Continuing Professionalization Of Teaching

There must be an increased, systematic effort to value and reward the function of teaching. At present, in Montana as in most of the United States, we pretend to value the function of teaching, but do not provide the career and monetary rewards, relative to other careers requiring similar levels of dedication and competence.

For example, there is at present in our colleges a trend toward devaluation or even denigration of teaching relative to research and administration. There is a trend toward more teaching being done by graduate teaching assistants and untenured adjunct faculty. At many colleges, becoming known as a person devotes who more-than-average attention and dedication to teaching can even harm one's career advancement. Rearranging skewed incentives could do much to change this. For example, state-funded colleges could be required to impose minimum teaching credit requirements, with incentives in both money and career advancement for taking on more. Yes, Montana colleges must encourage research also! It's a matter of bringing some balance back into the system.
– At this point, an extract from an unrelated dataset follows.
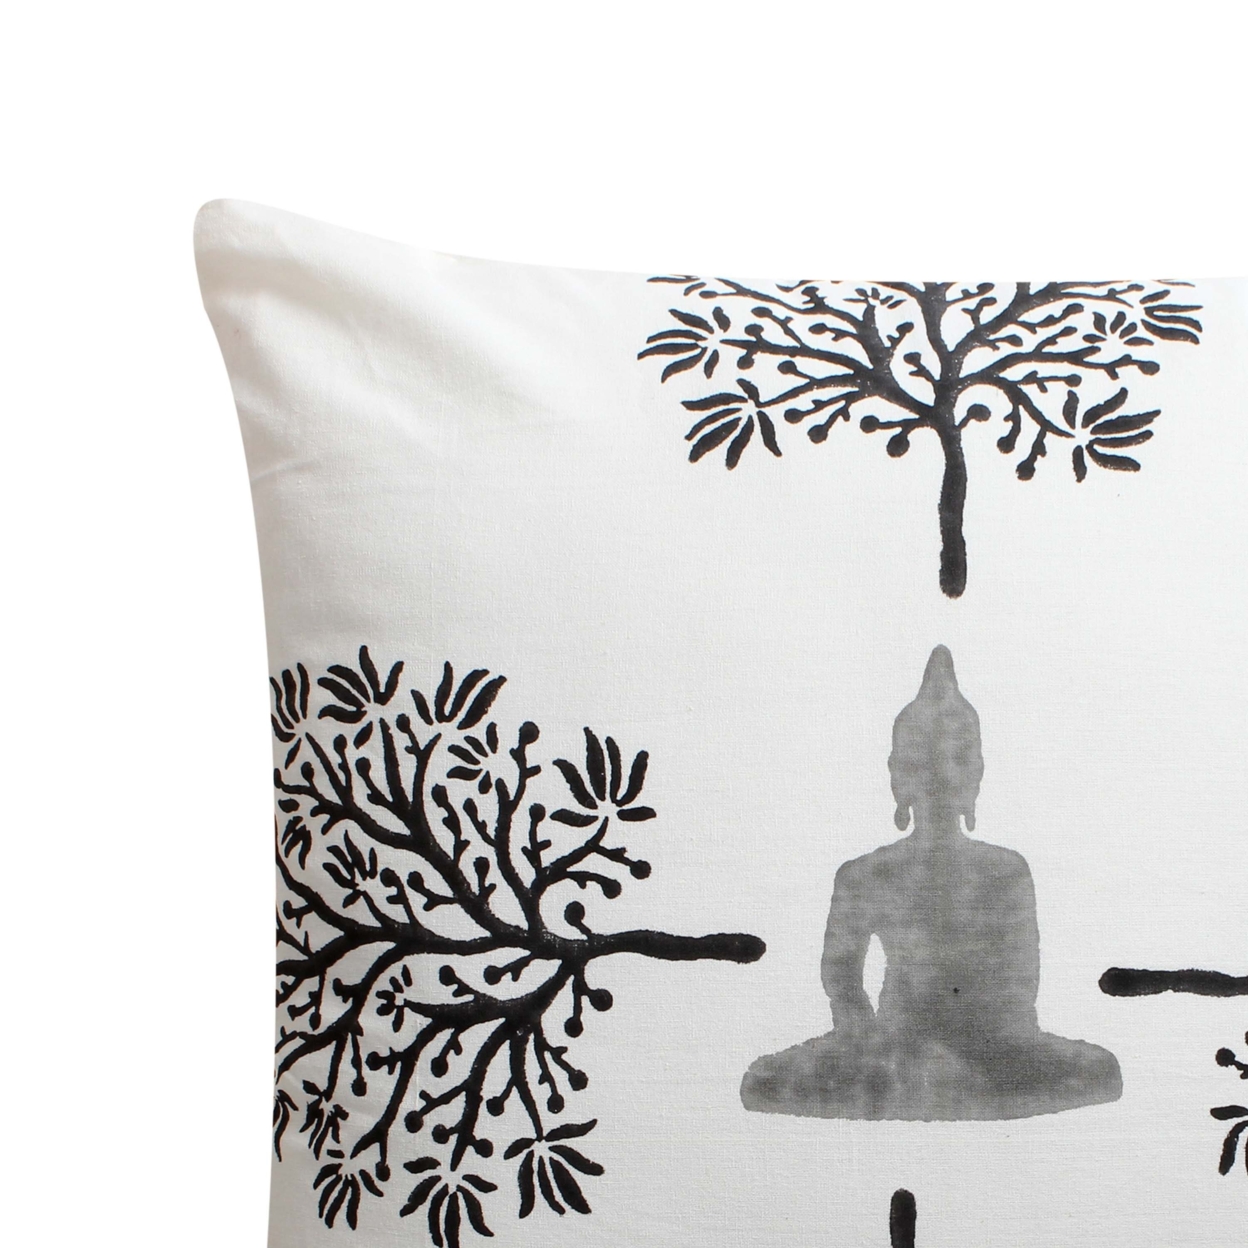 18 X 18 Square Cotton Accent Throw Pillow, Meditating Buddha, Tree Print, Set Of 2, White, Black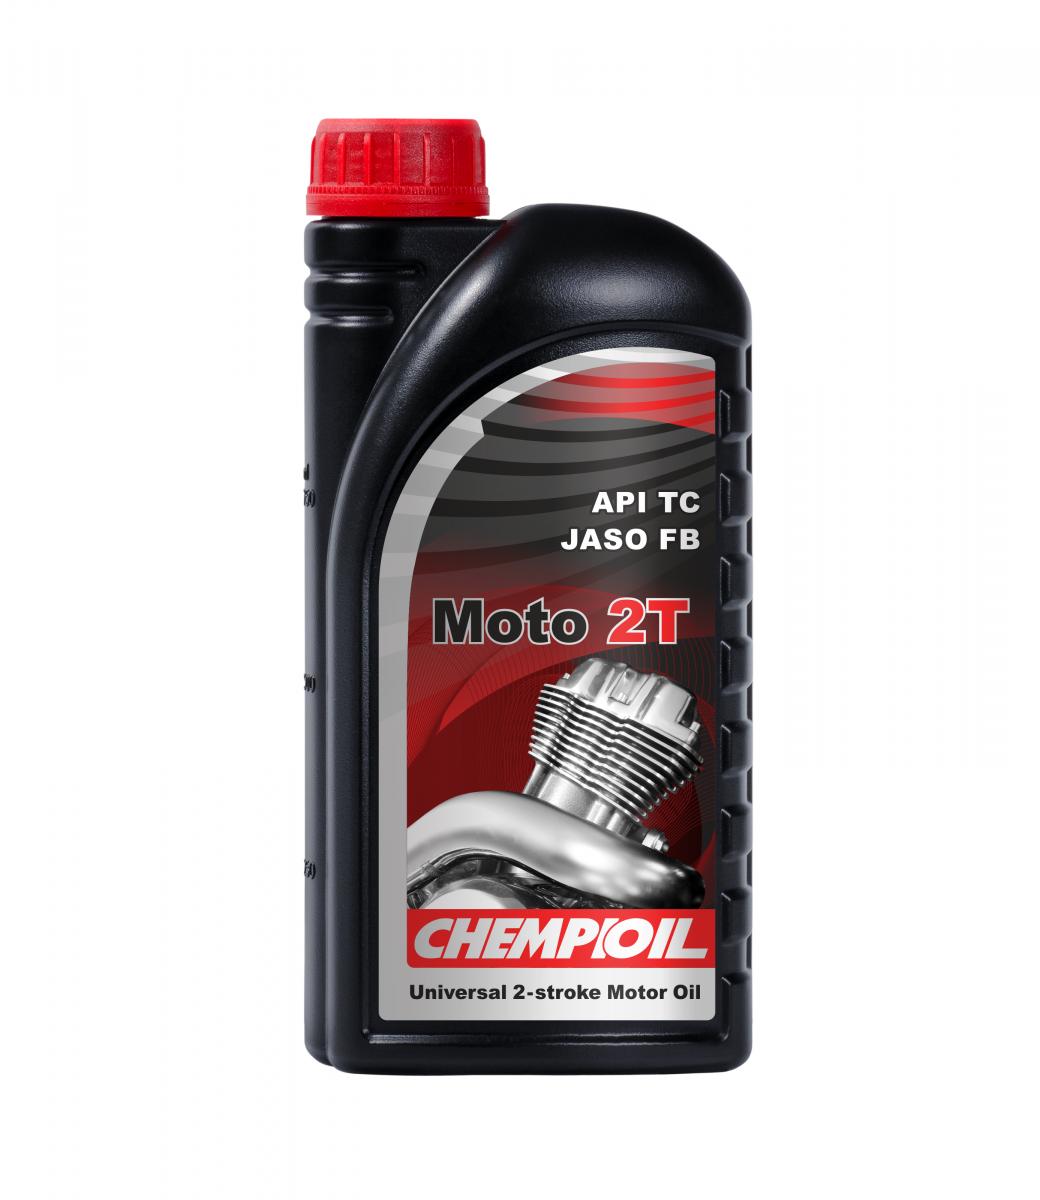 Chempioil MOTO 2T 1L Engine Oil Motorbike Oil 2-Stroke Engine Oil

Montana can become known as a place where tenured professors are, in fact, required to teach. Think how good this will look to the intelligent, motivated students elsewhere who want a real education! I'm going to study in Montana, where I work with tenured professors from day one. These are exactly the sort of students Montana wants to attract.

Those in teaching must be held to increasingly higher standards of professionalism, and compensation must increase accordingly. The medical profession provides somewhat of a model. Jesse James' mother remarried after his father left to family to seek gold in California, and then died. She was a small farm owner, and her new husband was a doctor. This was considered by all to be a step up the social ladder for him, and a step down for her. How times have changed! Now doctors receive much higher levels of social regard and more money. The same can be done for the teaching profession If Montana takes the lead in this reform, Montana is sure to benefit.

Trades education must be given additional resources, and, just as important, social reward, with an active effort to match offered programs with the real-world job environment. Community colleges are doing a pretty good job of this at present, given the resources, but such efforts must be ramped up considerably. Not simply matching training to available jobs, but to jobs that might be available if the trained employees were available.

Too much college education at present prepares students for jobs they will in fact never have, and fails to prepare them for jobs they will actually get. Educators must keep clearly in view the job market, and also what the job market might become. That said, education for career is only part of education for citizenship. education for life. All students must be encouraged/required as much as possible to learn and practice the concepts and responsibilities of citizenship. and bodies of knowledge valuable for a healthy society but not directly related to making a buck that day.